« PHASEOLUS » LE HARICOT

Publié le 22 Mai 2022

 

 

Mon calendrier lunaire pour jardiner avec la lune me recommandait de semer mes haricots, flageolets et autres mogettes ce jeudi 19 mai, jour de la saint Yves, ce qui avouons-le ne peut-être qu'un bon présage. J'ai respecté et nous verrons bien...

Raison de plus pour s'intéresser à ce légume ancien, sujet parfois à quelques moqueries sonores.

 

Lingot du Nord, Coco de Paimpol, Mogette de Vendée, haricot de Soissons, d'Arpajon, Tarbais, nains, verts, à rames, à écosser… L’origine de ces quelques symboles gastronomiques de nos régions a fait l’objet d’une véritable polémique jusqu’à la fin du XIXème siècle.

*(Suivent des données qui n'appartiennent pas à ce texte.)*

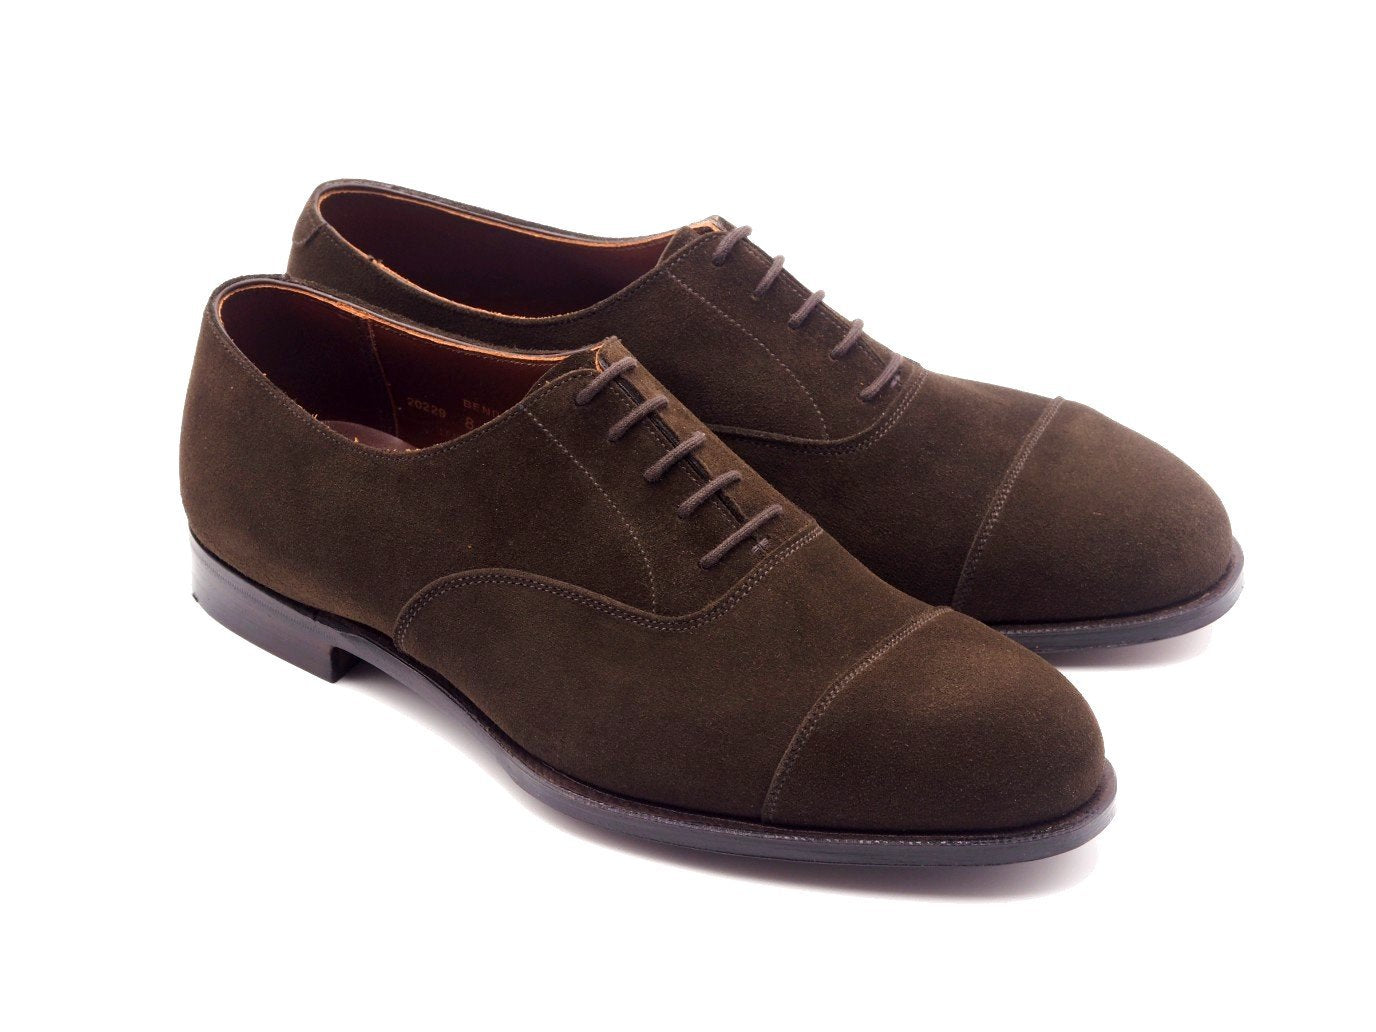 Front angle view of Crockett & Jones Bendigo plain captoe oxford shoes in dark brown suede

En effet, si les pois, fèves et autres lentilles se retrouvent souvent de concert sur les monuments antiques d’Égypte, Grèce ou Pompéi, on ne trouve aucune trace du moindre haricot.

Si la Rome antique connaissait ce « phaseolus » (nom latin du haricot) qui étaient nos communes féverolles, on sait désormais que notre haricot ne vient pas d’Asie mais bien d’Amérique latine.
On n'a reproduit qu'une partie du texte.